Monday Night Observations
For 55 minutes that was your garden variety bad game between two average defensive-oriented teams that shouldn’t be featured in a standalone game, and all of a sudden it became the Super Bowl with Tom Brady mounting two touchdown drives in the closing minutes. In fact, he got the second touchdown twice, after the Chris Godwin TD was called back on a hold.
Tom Brady’s most unique trait is his mindset. He just keeps coming at you, no matter how unsuccessful the offense has been for the prior 55 minutes, the prior 12 games. That sounds trivial — just be like Brady! — but virtually every other human on earth is to some extent deterred by repeated failure.
Even if they go through the motions of shaking it off and firing away on the next drive, they know they didn’t succeed, and it harms their confidence, undercuts their efforts. Not so with Brady. He simply doesn’t care. And remember, he’s doing this in front of millions of onlookers. It’s hard enough not to be deterred when you struggle privately, but imagine stalling publicly and repeatedly, at age 45, when people are assuming you are finished, when every player in history at your age was long retired, with 300-pound freaks trying to crush you, not only coming back out, but doing so with an unwavering belief you will succeed, despite all the evidence to the contrary. It sounds simple, but if it were, there would be more Tom Bradys, and there are not.
But let’s not waste any more time on trivialities. I had the Saints +3.5, so the Bucs’ comeback was but a footnote.
Andy Dalton played a great game. He avoided sacks, made accurate throws, found Taysom Hill for a long TD across the field, dealt with drops from Hill, Jarvis Landry and Chris Olave on good throws (Hill’s drop was jarred loose by a defender.) He’s still a quality backup.
Rashid Shaheed (4-4-75-0) is an electric kick returner who made big plays on offense too. Just a name to file away for next year.
The Bucs ignored Mike Evans (4-4-59-0) for most of the game, though he would still have had a big day had he not been interferred with on an easy long TD during the Bucs’ penultimate drive. Chris Godwin (13-8-63-0) is the guy when Brady is getting rid of the ball quickly, which is most of the time.
I dropped Cade Otton (10-6-28-1) in a league where I’m desperate at TE (I used Harrison Bryant), and that looks like a mistake.

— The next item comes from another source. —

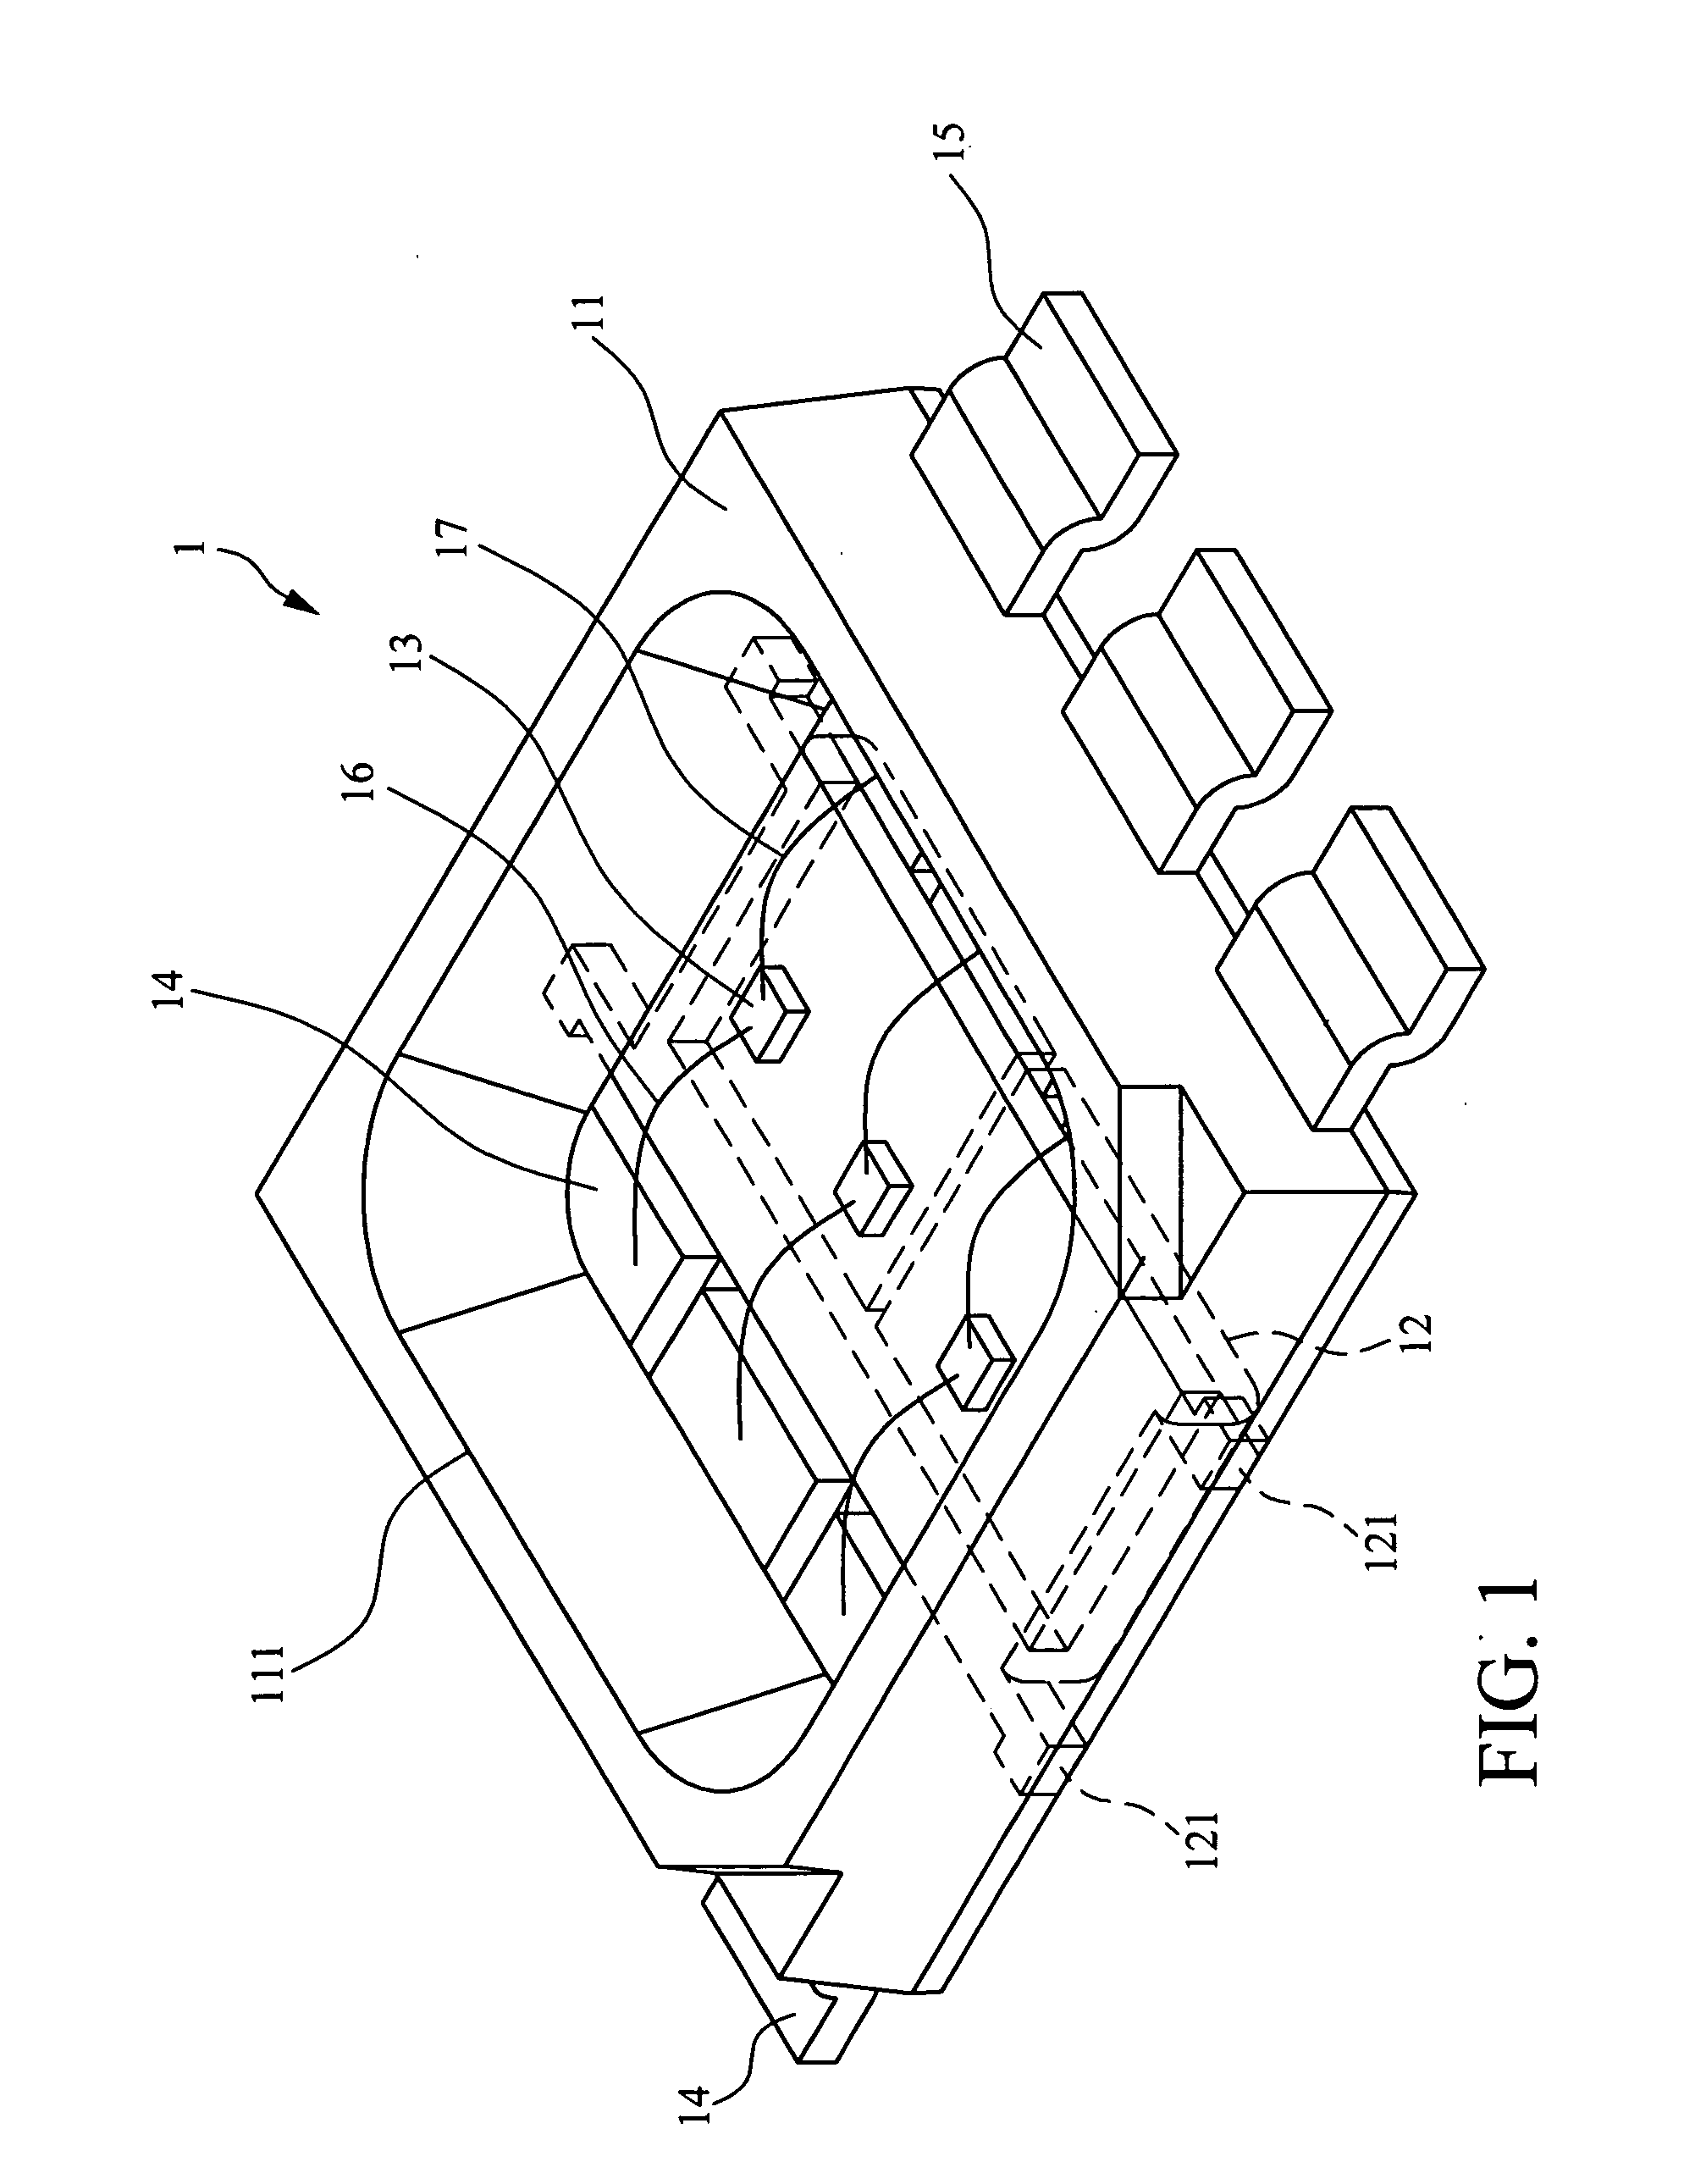 Heat dissipation structure of light-emitting diode

Not that Otton did anything other than catch the TD, but the 10 targets shows Brady trusts him.
The Saints blew it with eight minutes to go in the fourth quarter when on 4th-and-2 from the 11, they kicked a field goal to go up 16-3. At 13-3, the Bucs still needed two scores, and 16-3 still gets you beat if they score two TDs (which they obviously did). In fact, if the Saints were up 13-10 instead of 16-10, the Bucs might have been more conservative on the final drive, willing to settle for overtime. They would still try to score the TD, but a team that can tie with the FG will take fewer chances in doing so. So the field goal doesn’t get you much, and it forces the team to beat you rather than aim for OT. But, more importantly, if you make the first down, you chew up more clock at a minimum, and if you score the TD, it’s game over, up three scores. Finally, even if you fail to make it, the Bucs get the ball at their own 11, rather than receiving a kickoff. There are few things I hate more than the conservative FG to go up six (rather than 3) on 4th-and-short from inside the 20. And 13 rather than 10 amounts to the same thing.